Nonostante la generosità del rendimento medio, il capitale si sarebbe esaurito nel giro di 30 anni a causa della sequenza sfavorevole dei rendimenti oltre che del tasso di inflazione: quando l’inflazione sale, un portafoglio bilanciato tradizionale (composto da azioni e obbligazioni) soffre per il venir meno del contributo difensivo delle obbligazioni (ne parlo in questo articolo): le esigenze di prelevamento aumentano per effetto del carovita proprio quando il portafoglio riporta rendimenti negativi.
Ancora una volta l’aumento dei prelievi nelle fasi di ribasso sottrae capitale per cogliere la successiva ripresa.
La casualità con cui i mercati finanziari decidono di restituire i rendimenti annui intorno a un rendimento medio può giocare un ruolo determinante per il successo di un piano finanziario.
Utilizzando la stessa strategia (portafoglio 60/40) e lo stesso tasso di prelevamento (4% adeguato all’inflazione) ma invertendo l’ordine dei rendimenti negli anni, il risultato cambia drasticamente in meglio.
Questo grafico mostra ancora l’evoluzione del portafoglio (in blu), l’andamento dell’inflazione (in grigio) e i rendimenti annui (in verde e in rosso) con la sequenza invertita:


Lo stesso rendimento medio del 10,5% realizzato con una sequenza favorevole, non solo avrebbe consentito di preservare il capitale ma addirittura il milione iniziale sarebbe cresciuto in modo esponenziale fino a raggiungere la cifra di 17 milioni.
In questo caso la strategia ha beneficiato dei rendimenti elevati degli anni iniziali che hanno consentito al portafoglio di crescere e raggiungere una “soglia di sicurezza”, che ha permesso di assorbire l’impatto dei ribassi subiti negli anni finali.
Larry Swedroe, autore finanziario e ideatore del Larry Portfolio, in un’analisi risalente a qualche anno fa, mette in guardia dal rischio di sequenza dei rendimenti evidenziando quanto, talvolta, fortuna e casualità siano determinanti nel successo di una strategia.
A questo punto la domanda è: come strutturare un portafoglio in modo da non andare in rovina nel caso la dea bendata decida di non assisterci?
Come gestire il rischio di sequenza dei rendimenti
Negli investimenti, come nella vita reale, non esiste un modo per eliminare i rischi.
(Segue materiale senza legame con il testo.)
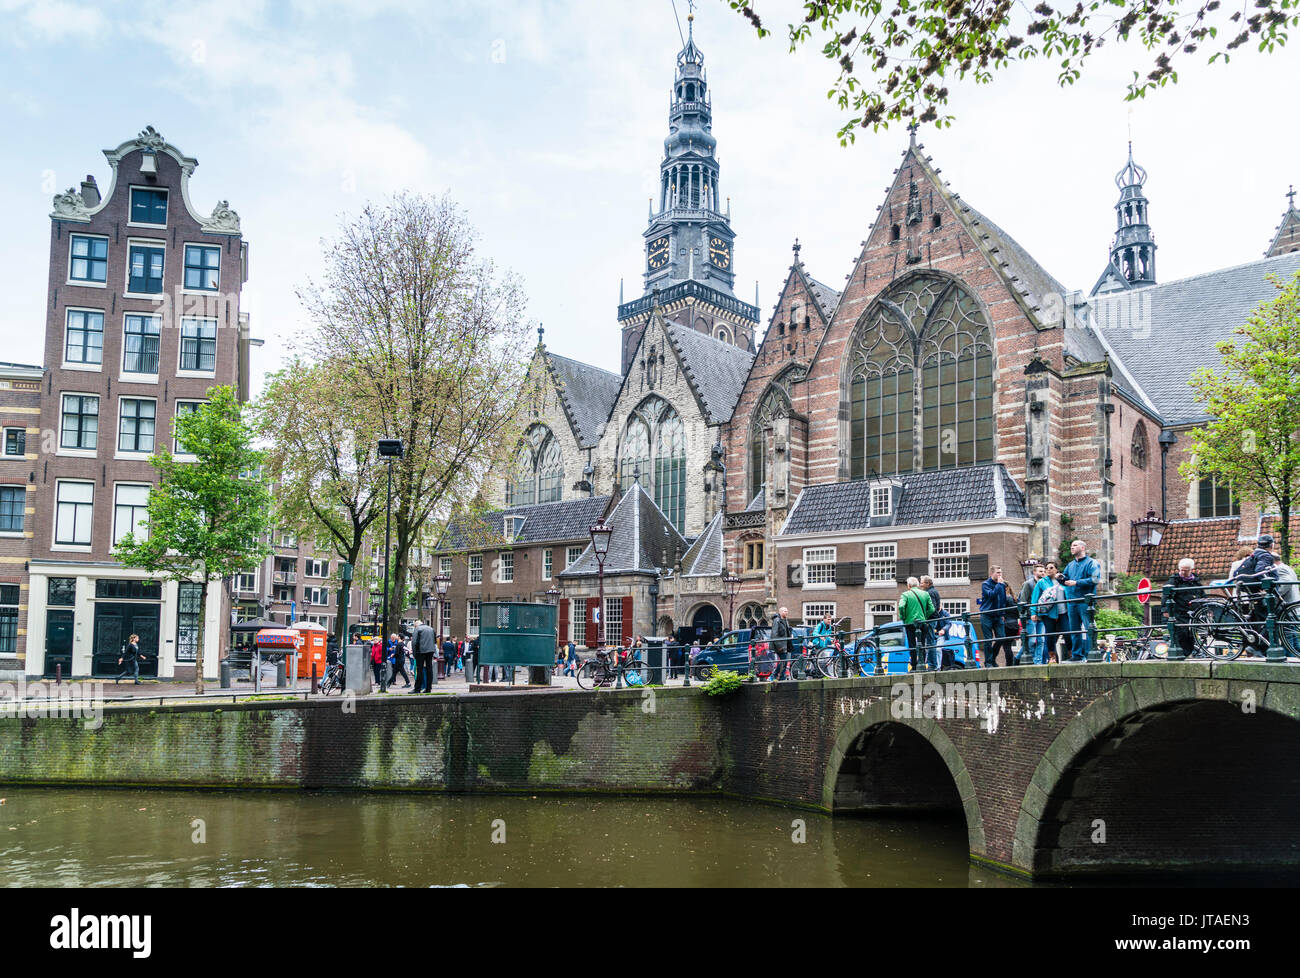 Oude Kerk, église du xiiie siècle et la plus ancienne d'Amsterdam, Pays-Bas, Europe Banque D'Images

Esistono tuttavia delle strategie per gestirli e per convivere in modo sereno con l’incertezza che caratterizza il futuro dei mercati (e della vita).
Vediamo, quindi, quali possono essere alcuni accorgimenti per evitare che una sequenza dei rendimenti avversa faccia deragliare una strategia di prelevamento perpetuo.
Prevedere una riserva di liquidità
Una prima accortezza è quella di prevedere, in fase di pianificazione, una congrua riserva di liquidità come “margine di sicurezza” per coprire una parte dei prelevamenti in caso di sequenza dei rendimenti avversa.
L’idea è quella di poter disporre di una somma prontamente utilizzabile evitando di sottrarre risorse al portafoglio in una fase di mercato avversa.
Un’indicazione generale (che, chiaramente, andrà personalizzata in base alle esigenze individuali) è quella di destinare come riserva una cifra pari a 24 mensilità di spese (e quindi di prelevamenti) da coprire.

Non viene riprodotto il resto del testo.